* _WHAT TO WORK ON_
Return the full listing unchanged, apart from leaving out its images.

* _COLLECTED MATERIAL_
=== Begin Enclosure ===

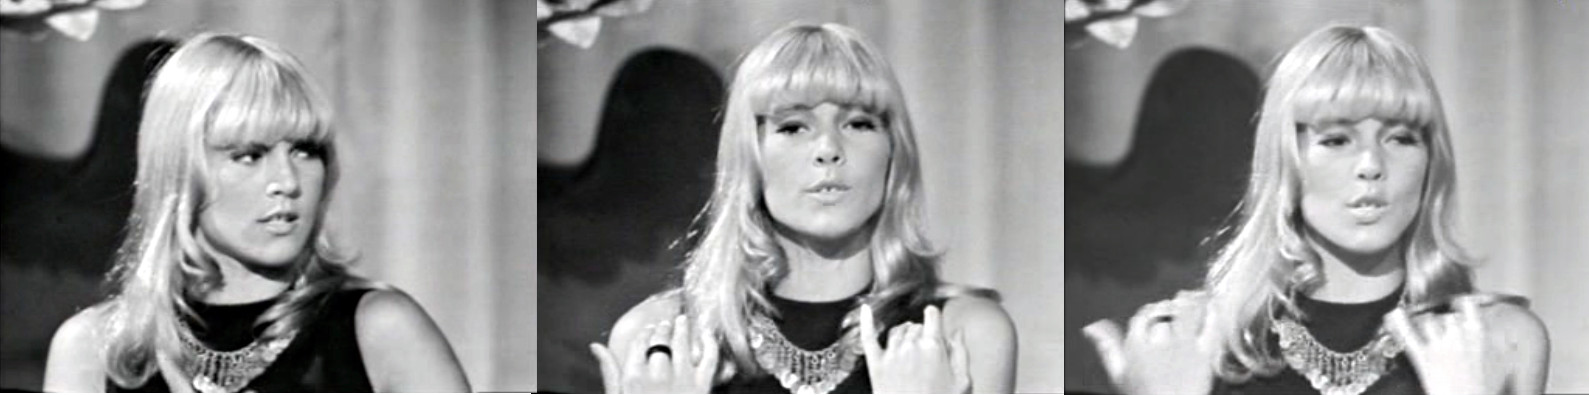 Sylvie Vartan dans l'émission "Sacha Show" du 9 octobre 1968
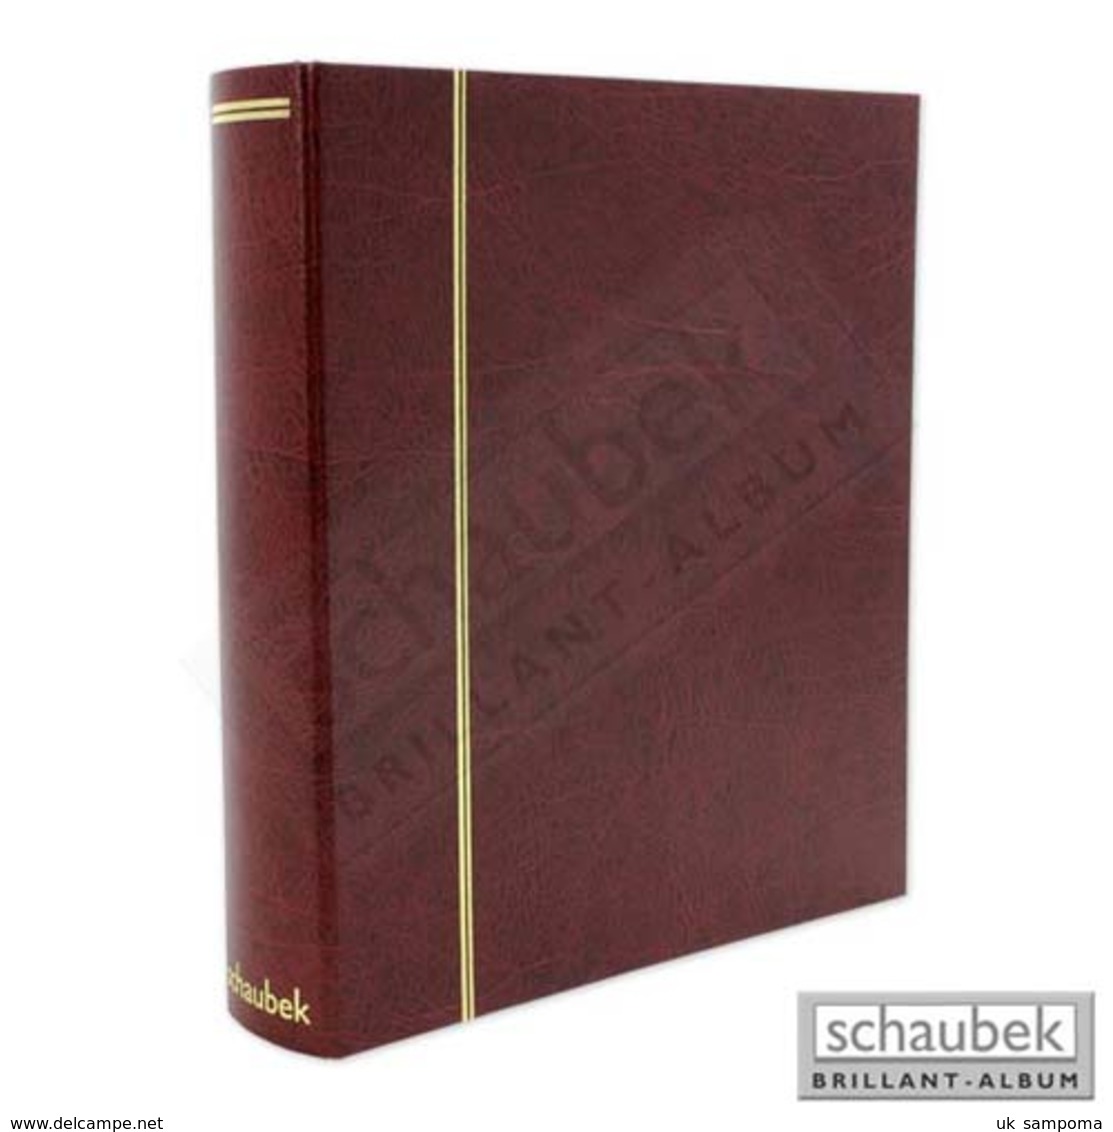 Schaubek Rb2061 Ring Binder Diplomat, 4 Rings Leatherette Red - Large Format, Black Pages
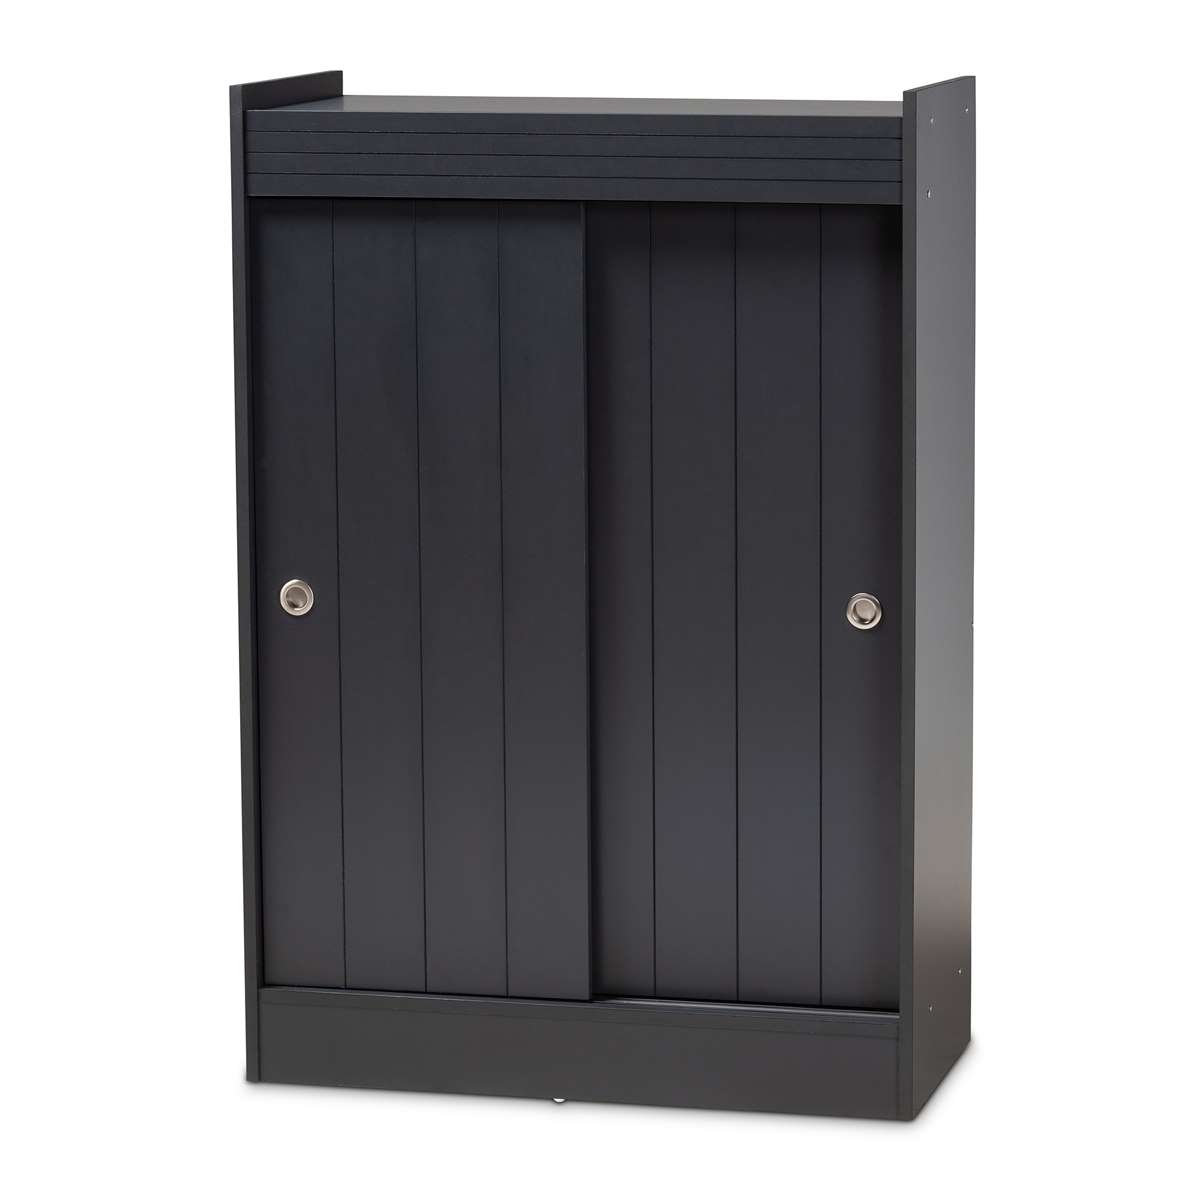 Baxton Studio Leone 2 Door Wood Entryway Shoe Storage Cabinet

=== End Enclosure ===

* _TASK RESULT_
 Sylvie Vartan dans l'émission "Sacha Show" du 9 octobre 1968
 Schaubek Rb2061 Ring Binder Diplomat, 4 Rings Leatherette Red - Large Format, Black Pages
 Baxton Studio Leone 2 Door Wood Entryway Shoe Storage Cabinet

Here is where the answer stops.